Chère Marrakech Par Tahar Ben Jelloun
Est-ce parce que Marrakech est riche de sa lumière exceptionnelle, de son soleil de fin d’année, doux et fort à la fois? Est-ce parce qu’elle est la principale destination touristique au Maroc que certains restaurants et grands hôtels pratiquent des prix exorbitants?
Normal qu’un palace ait des prix de palace. Normal que le luxe se paye au prix fort. Après tout, ceux qui fréquentent ces lieux magiques ont les moyens et ne regardent pas à la dépense.
Puisque nous sommes dans la logique des palaces, pourquoi ne pas l’appliquer jusqu’au bout et payer les employés, surtout les femmes et hommes de service, aux salaires (je ne dirai pas de ceux que pratiquent les palaces à Paris, Londres ou New York même si on peut rêver), mais qu’ils soient au moins supérieurs à la moyenne nationale. Simple cohérence d’autant plus que la plupart des patrons sont des Européens qui savent pertinemment combien est payé le personnel ailleurs.
Prenons le cas de la restauration! On sait que les produits alimentaires non seulement coûtent au Maroc au moins moitié moins cher qu’en Europe mais qu’ils sont de meilleur goût. Le client paye le tajine ou le plat du jour au prix européen. La bouteille de vin (marocain ou étranger) bat tous les records en ce qui concerne la marge bénéficiaire. Ce serait très étonnant que le garçon qui sert ait un salaire parisien. Il est payé à la marocaine, c’est-à-dire un salaire qui n’a rien à voir avec les prix affichés sur la carte mais correspond au mince pouvoir d’achat des Marocains en général.
Ceci est un paradoxe qui fait le bonheur de ces grands hôtels et restaurants qui, certes ont beaucoup de charges, mais rechignent à payer en conséquence le personnel.
Cette situation d’injustice est dangereuse. On sait que le chômage est là et qu’on préfère avoir un travail avec un salaire bas plutôt que de ne pas travailler du tout. Par ailleurs, que de clients se sont plaints de la qualité du service! Normal. Lorsqu’on n’est pas payé de manière juste on ne fait pas d’effort. Il se pourrait même que cela encourage contestation et rébellion.
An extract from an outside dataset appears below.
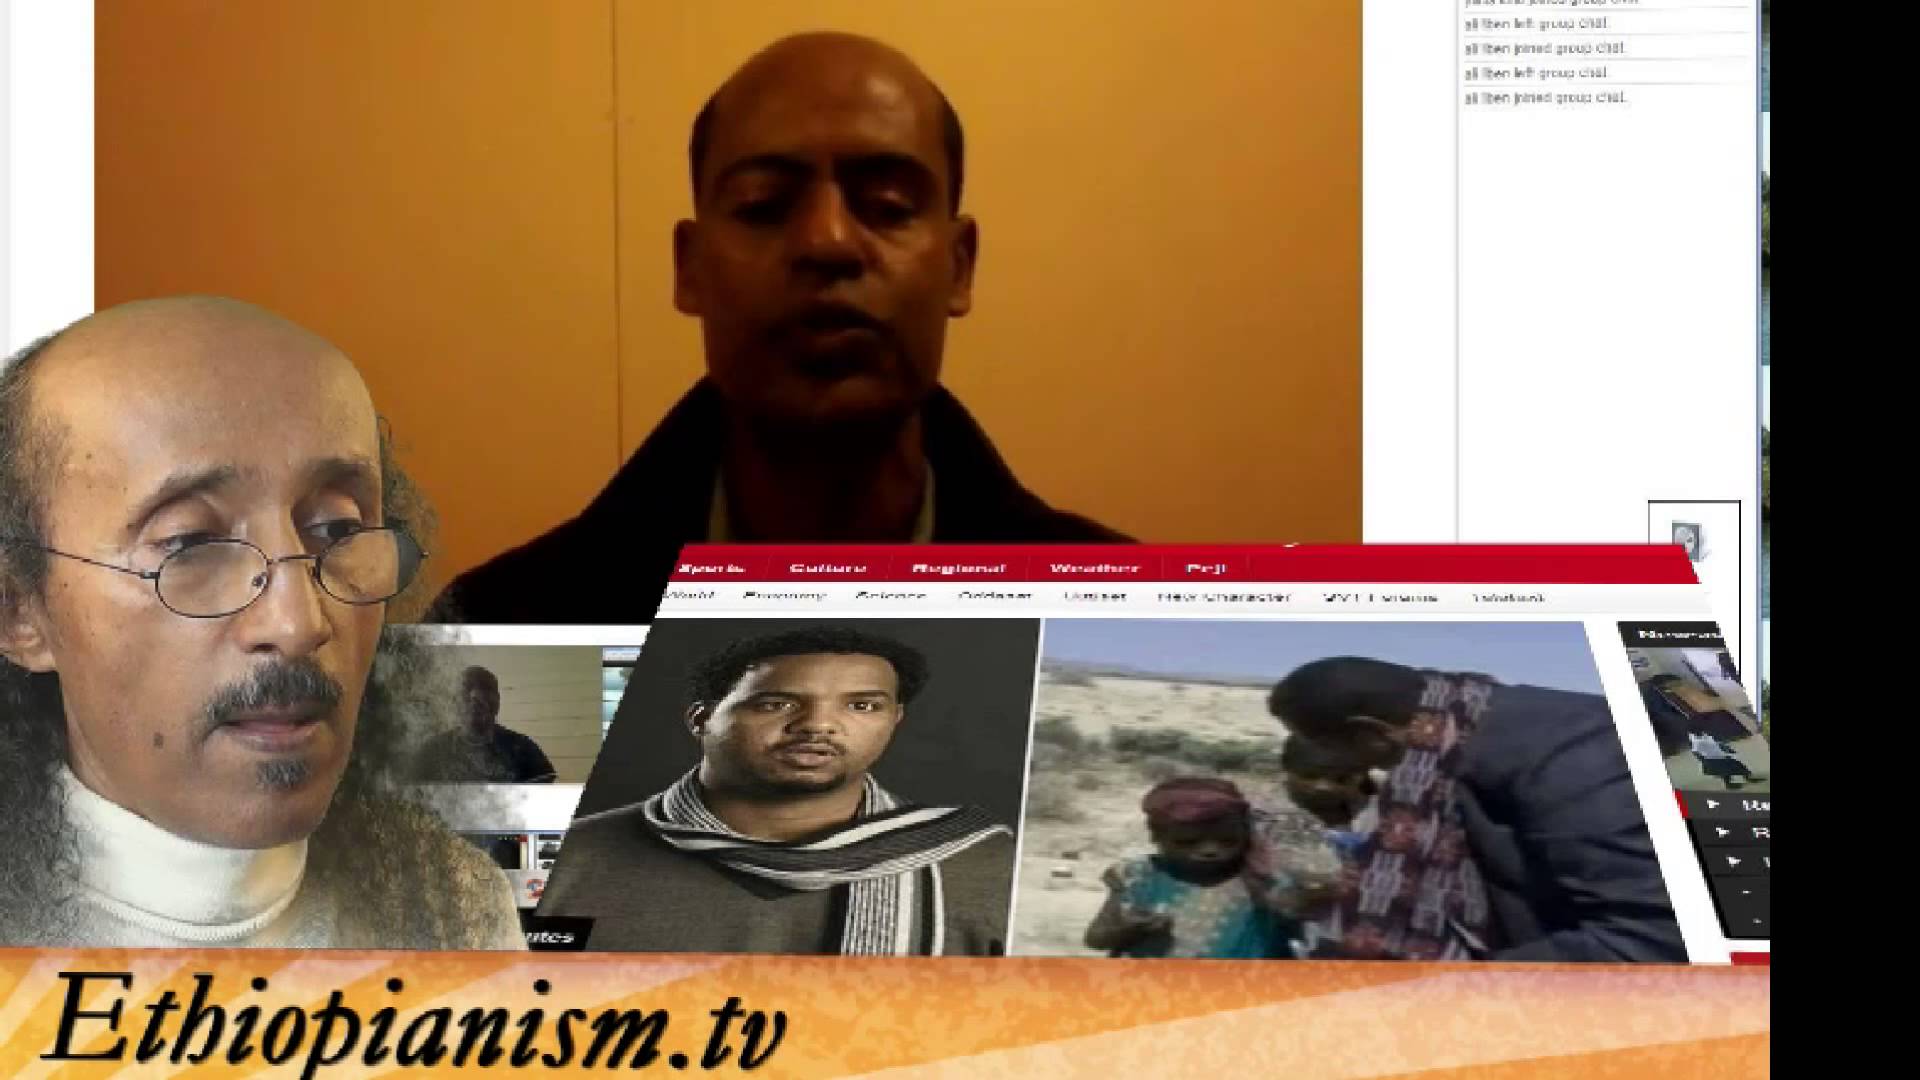 Ethiopianism.tv Weekly Real News ሳምንታዊ የዜናዎች ዉስጠ ዘ Oct 18,2013

En fait, c’est toute la politique du tourisme qu’il faut revoir. Rappelons que des pays comme l’Italie et l’Espagne ont réussi; dès les années 60 à fidéliser des millions de touristes parce qu’ils avaient fait le choix de l’attraction par des prix sympathiques. La rumeur disait que non seulement ces pays sont beaux,mais ils sont à la portée des salaires moyens.
Le Maroc ne cesse d’hésiter entre deux concepts du tourisme: le luxe pour les riches et le médiocre pour les classes moyennes. Il faudrait trouver un juste milieu et, surtout, mettre en place une politique de service qui fidélise la clientèle. Or, le taux de retour est bas, très bas. Cela s’explique par la manière dont le touriste, riche ou pas, est traité.
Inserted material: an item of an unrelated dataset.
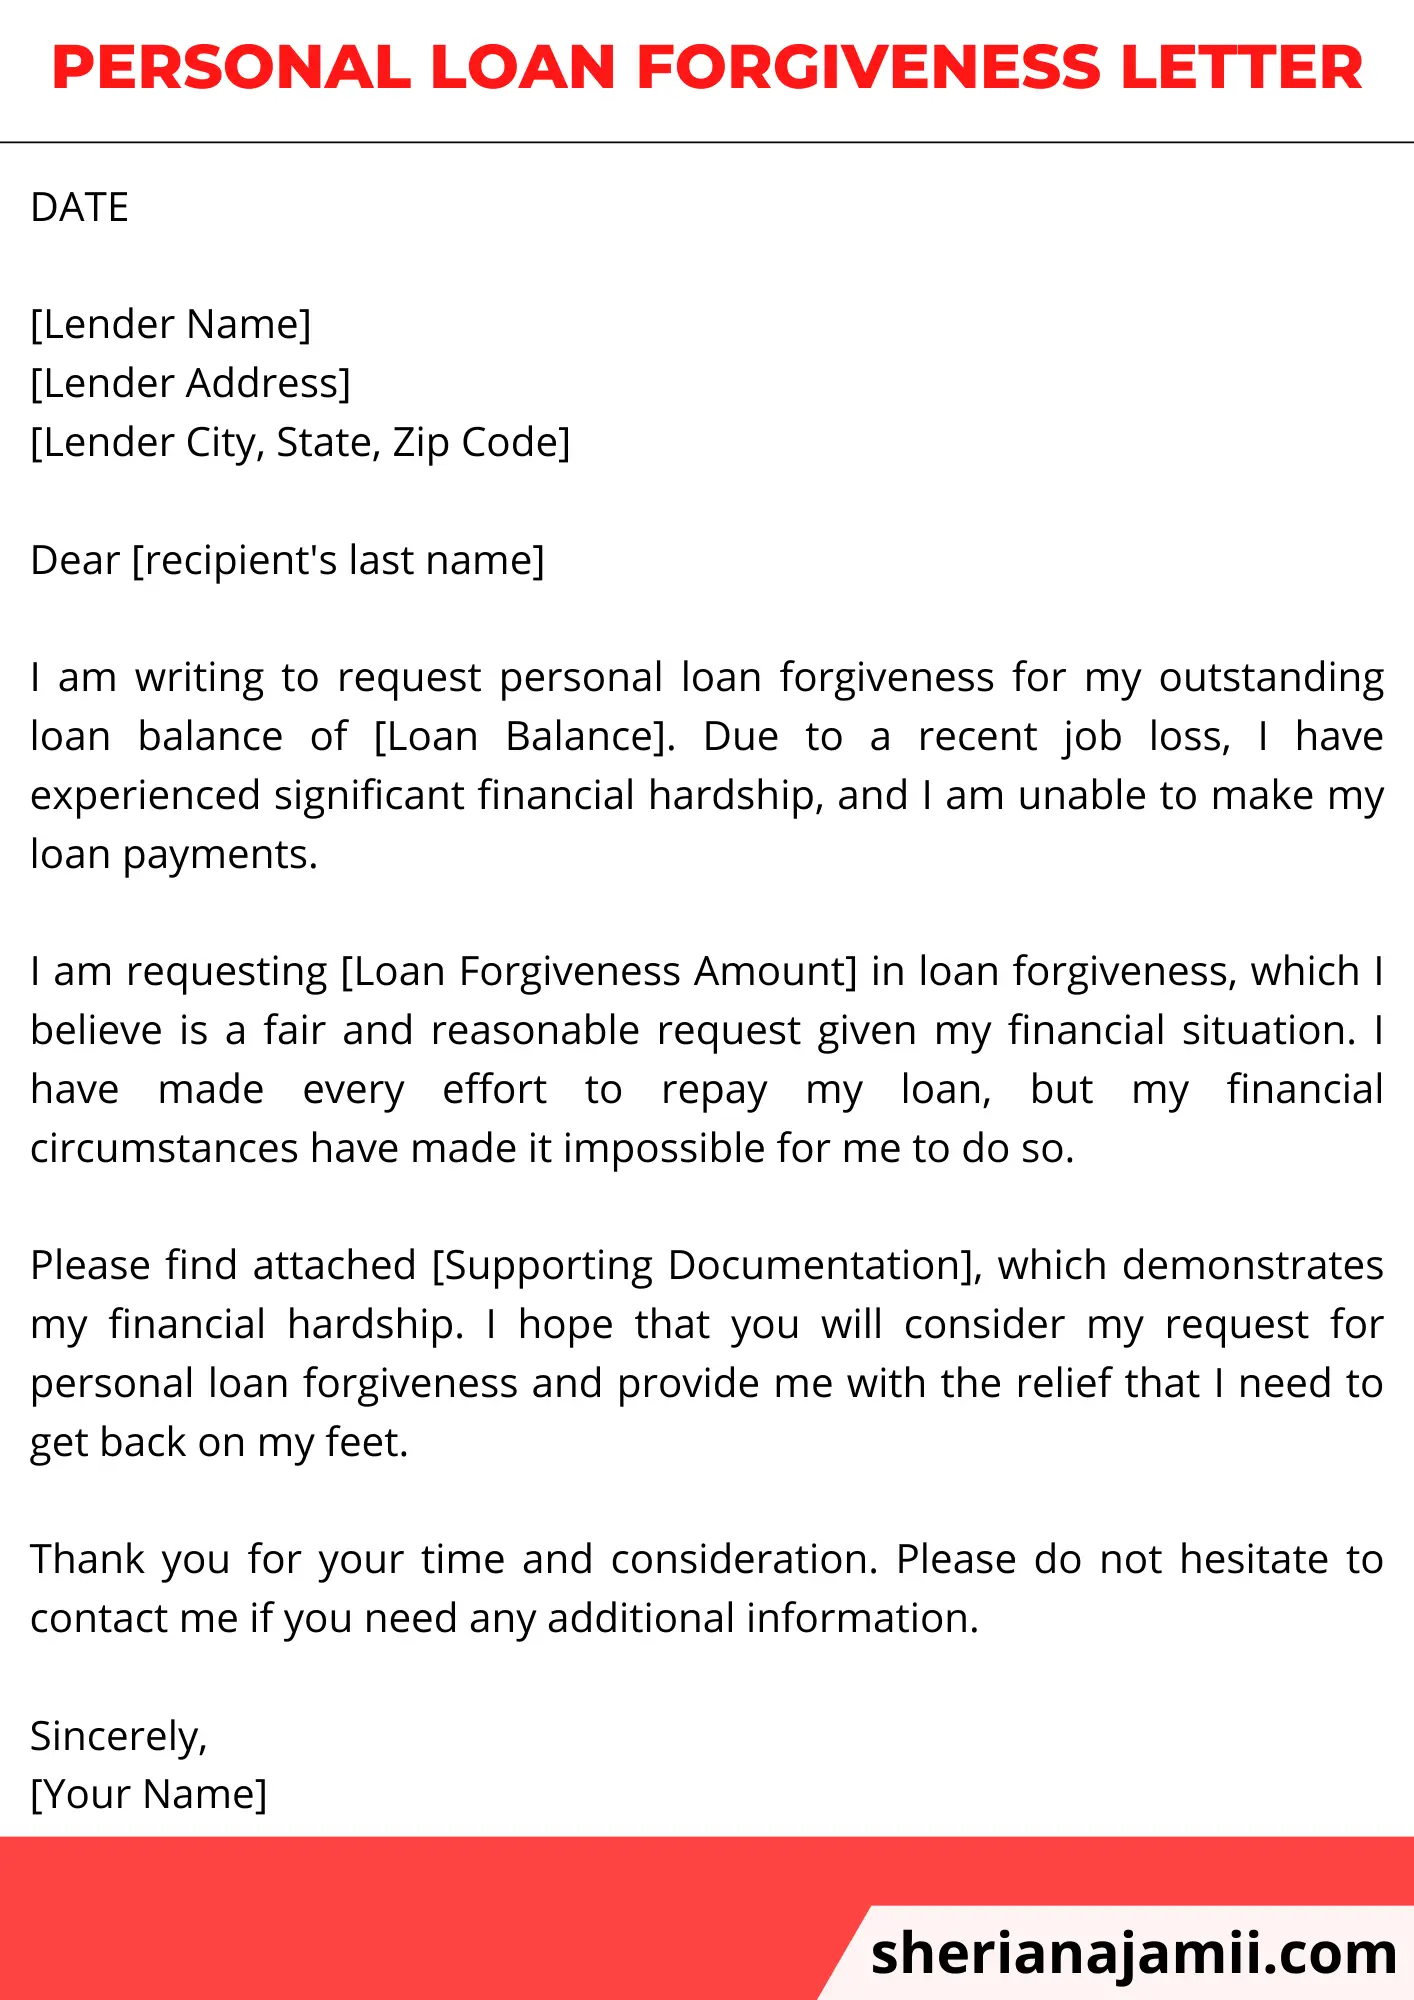 Personal Loan Forgiveness Letter, Personal Loan Forgiveness Letter Sample

Pour cela, non seulement il faudrait motiver le personnel en le payant bien, en le formant, en le responsabilisant, mais il faut aussi accepter de ne pas exagérer les marges bénéficiaires et à miser sur le long terme. Nombre d’entrepreneurs veulent gagner vite et beaucoup. Le moyen et long terme ne les intéresse pas vraiment. Ils ont tort.
Il y a quelques années, l’attraction pour le Maroc se vendait à l’étranger avec une jolie publicité: «Au Maroc, la nature est restée naturelle». Il faudrait la reprendre et ajouter «et pas chère». Parions que sur le long terme, le pays gagnera et la fréquentation touristique atteindra des chiffres importants!